[Task instructions]
Would you transcribe the listing that follows, character for character, and omit its images?

[Information shown]
=== Begin Enclosure ===

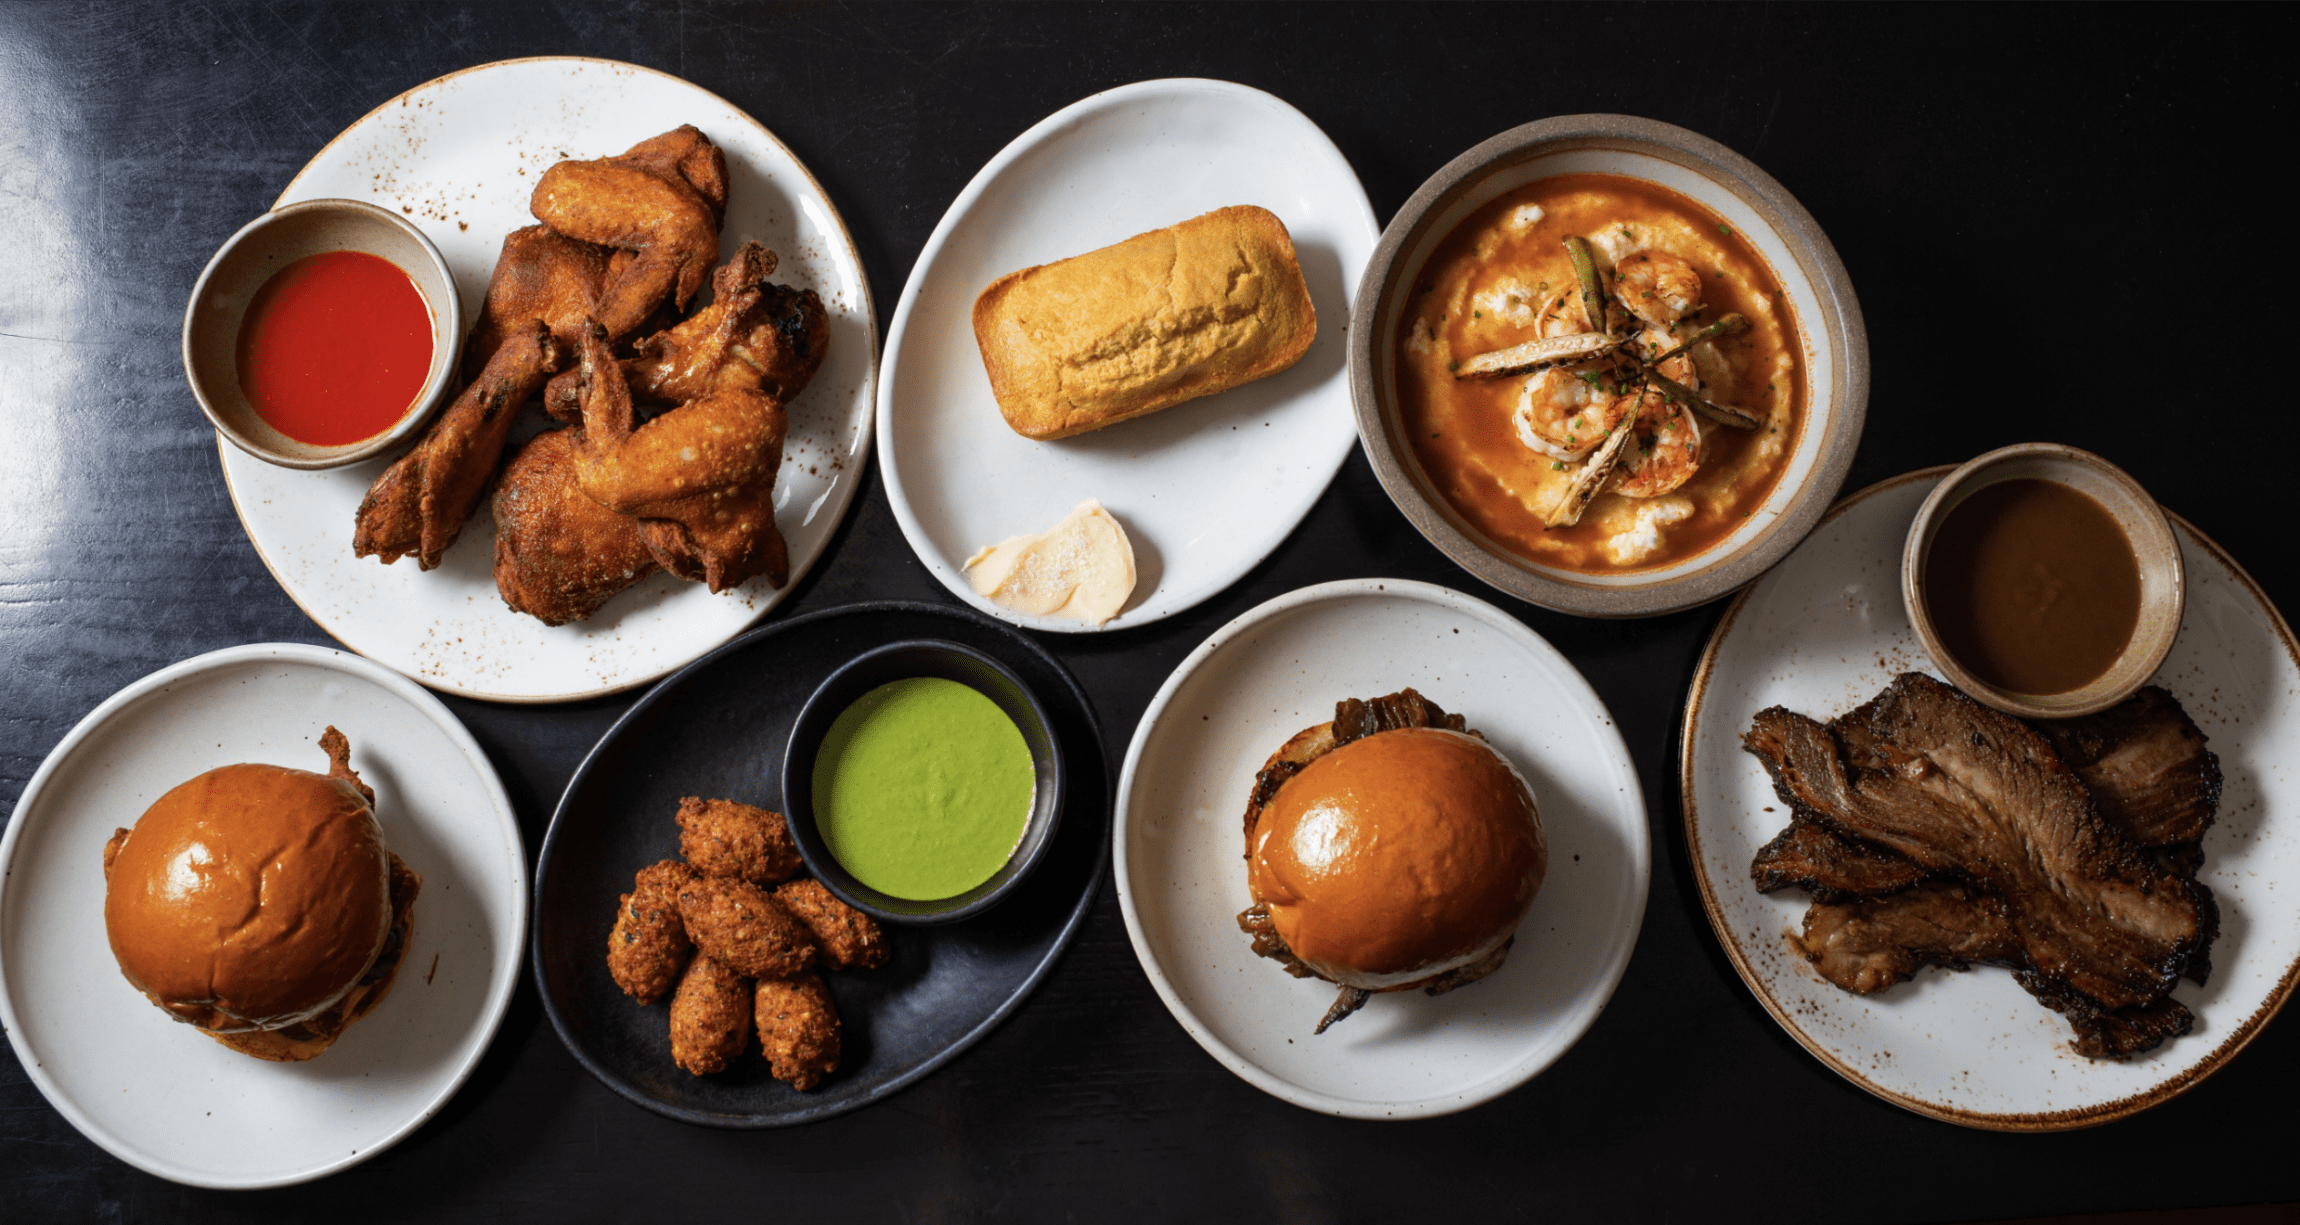 The best restaurants in LA | Various soul food dishes served on a black tabletop at Alta Adams
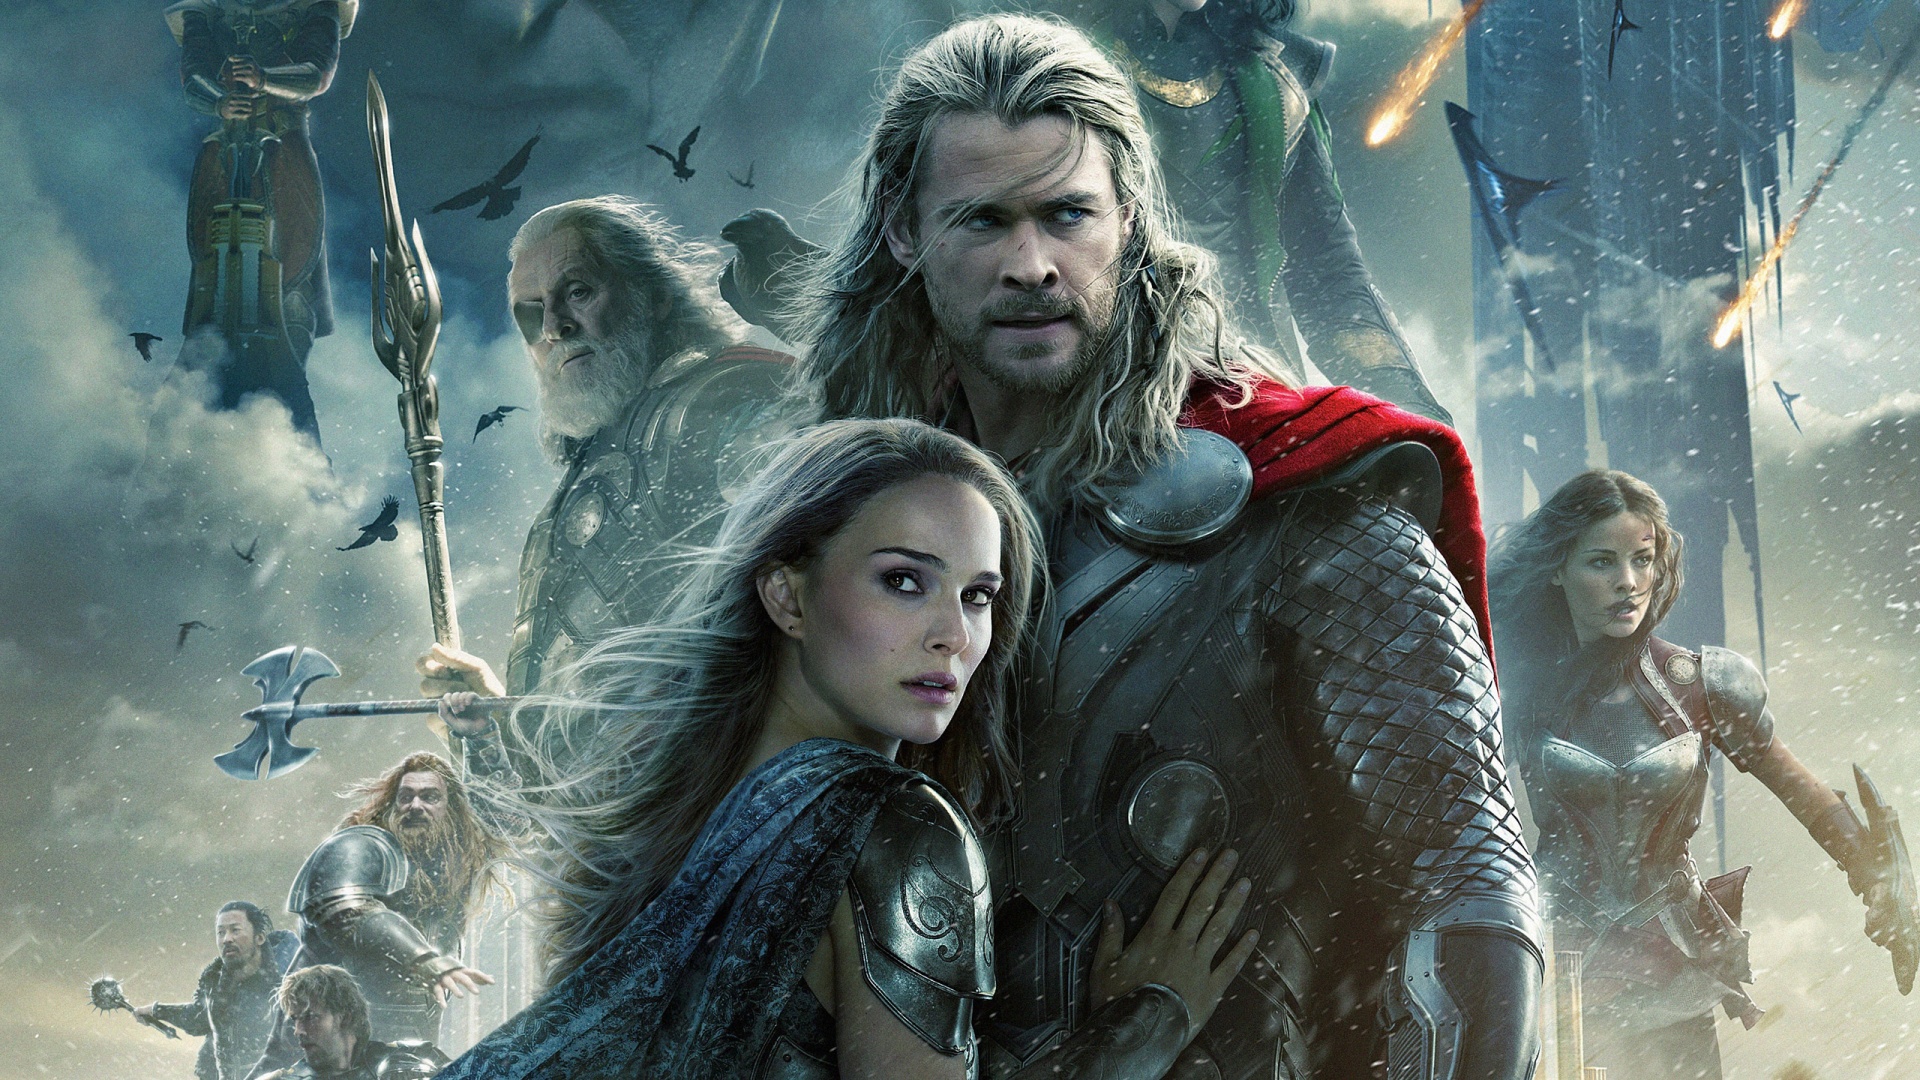 Free download Marvel Live action Movies image thor dark world HD wallpaper and [1920x1080] for your Desktop, Mobile & Tablet. Explore Marvel Movies Wallpaper. Marvel Movies Wallpaper, Movies Wallpaper, Wallpaper Movies
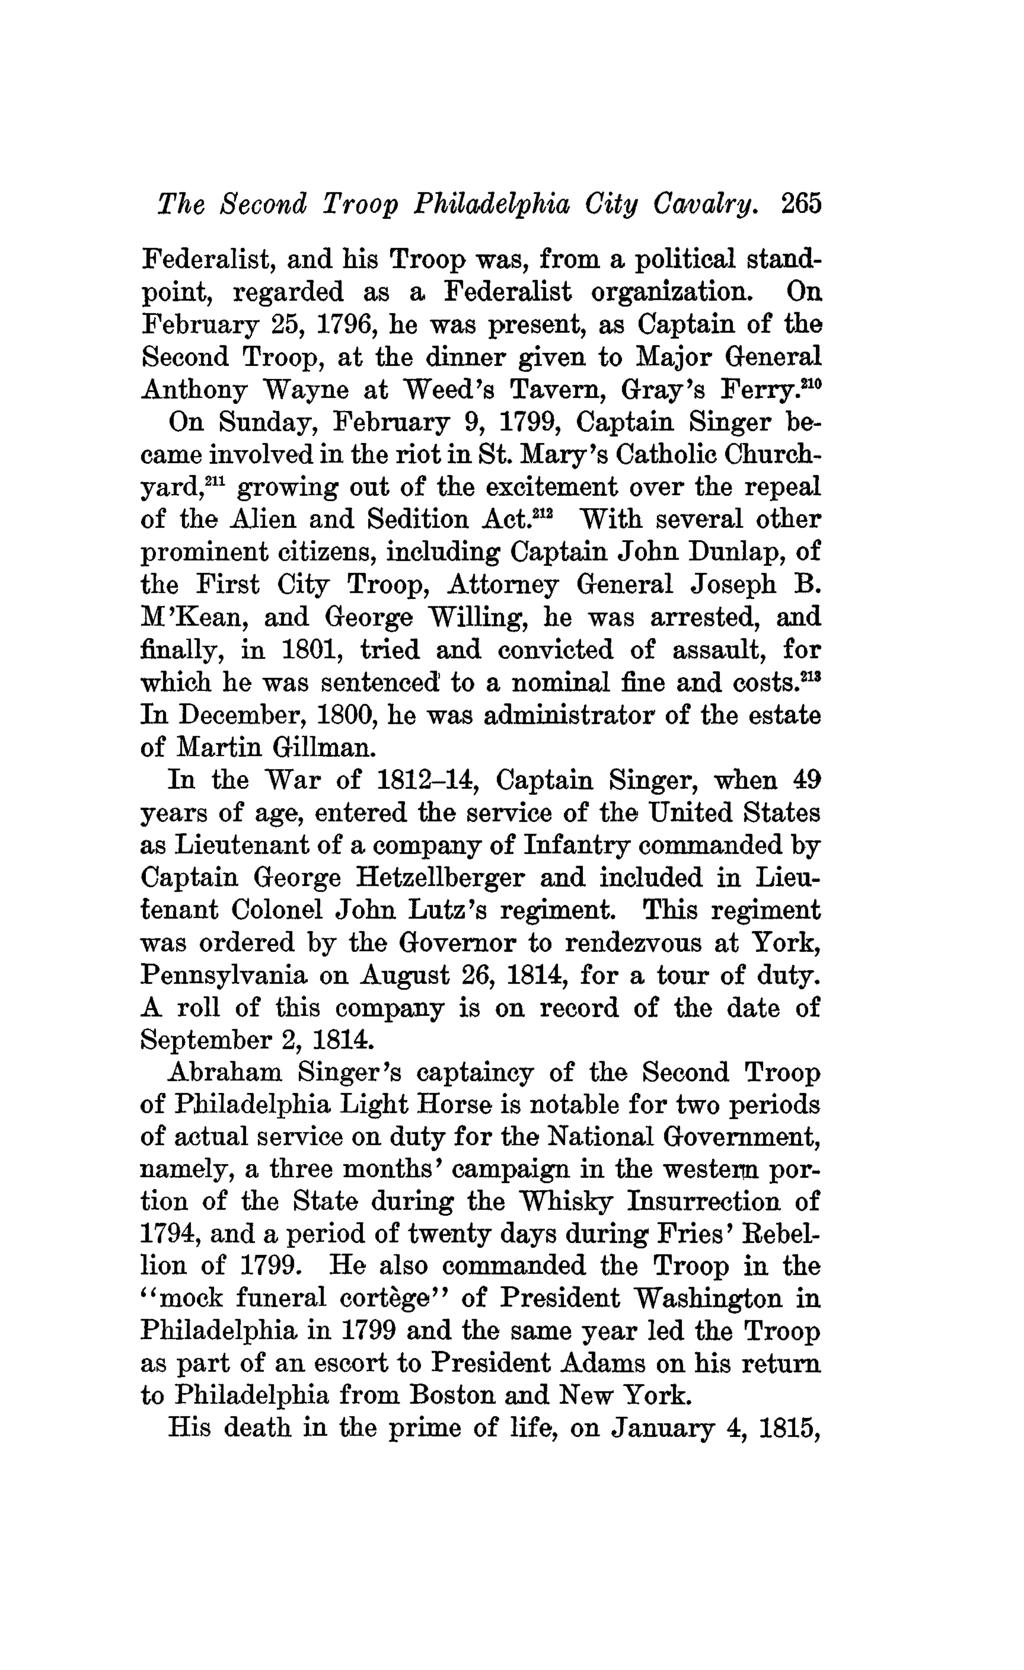 The Second Troop Philadelphia City Cavalry. 265 Federalist, and his Troop was, from a political standpoint, regarded as a Federalist organization.

=== End Enclosure ===

[Answer to this problem]
 The best restaurants in LA | Various soul food dishes served on a black tabletop at Alta Adams
 Free download Marvel Live action Movies image thor dark world HD wallpaper and [1920x1080] for your Desktop, Mobile & Tablet. Explore Marvel Movies Wallpaper. Marvel Movies Wallpaper, Movies Wallpaper, Wallpaper Movies
 The Second Troop Philadelphia City Cavalry. 265 Federalist, and his Troop was, from a political standpoint, regarded as a Federalist organization.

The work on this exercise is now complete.